Welcome to Nowhere

I am nowhere man. If you are here you are indeed nowhere. The music in this collection has nothing in common,
other than the fact it comes right out of nowhere.

Tuesday, November 3, 2009

Terry Riley - In C






Part 1


Part 2
Part 3
Part 4

In C is a semi-aleatoric musical piece composed by Terry Riley in 1964 for any number of people, although he suggests "a group of about 35 is desired if possible but smaller or larger groups will work"[1]. It is a response to the abstract academic serialist techniques used by composers in the mid-twentieth century and is often cited as the first minimalist composition.


In C consists of 53 short, numbered musical phrases, lasting from half a beat to 32 beats; each phrase may be repeated an arbitrary number of times. Each musician has control over which phrase he or she plays: players are encouraged to play the phrases starting at different times, even if they are playing the same phrase. The performance directions state that the musical ensemble should try to stay within two to three phrases of each other. The phrases must be played in order, although some may be skipped. As detailed in some editions of the score, it is customary for one musician ("traditionally... a beautiful girl," Riley notes in the score[2]) to play the note C (in octaves) in repeated eighth notes. This functions as a metronome and is referred to as "The Pulse".

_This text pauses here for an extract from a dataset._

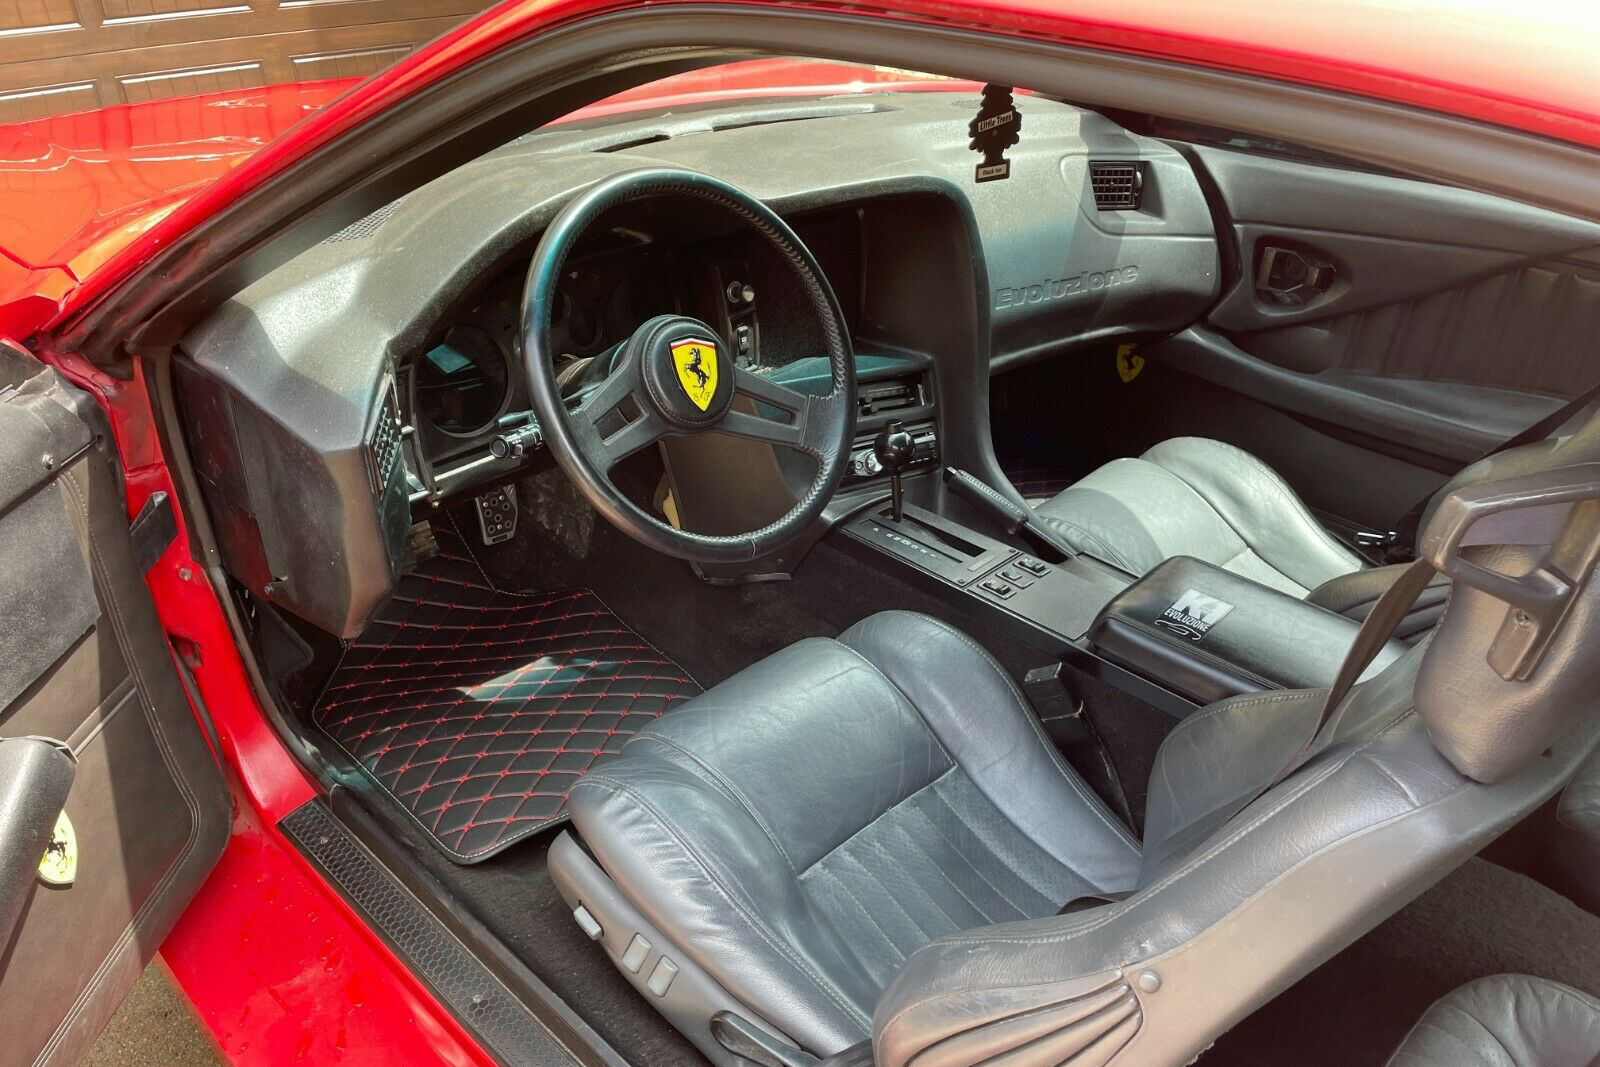 Porta do motorista da Ferrari com Chevrolet Camaro 85 vermelho

In C has no set duration; performances can last as little as fifteen minutes or as long as several hours, although Riley indicates "performances normally average between 45 minutes and an hour and a half." The number of performers may also vary between any two performances. The original recording of the piece was created by 11 musicians (through overdubbing, several dozen instruments were utilized), while a performance in 2006 at the Walt Disney Concert Hall featured 124 musicians.


The piece begins on a C major chord (patterns one through seven) with a strong emphasis on the mediant E and the entrance of the note F which begins a series of slow progressions to other chords suggesting a few subtle and ambiguous changes of key, the last pattern being an alteration between Bb and G. Though the polyphonic interplay of the various patterns against each other and themselves at different rhythmic displacements is of primary interest, the piece may be considered heterophonic.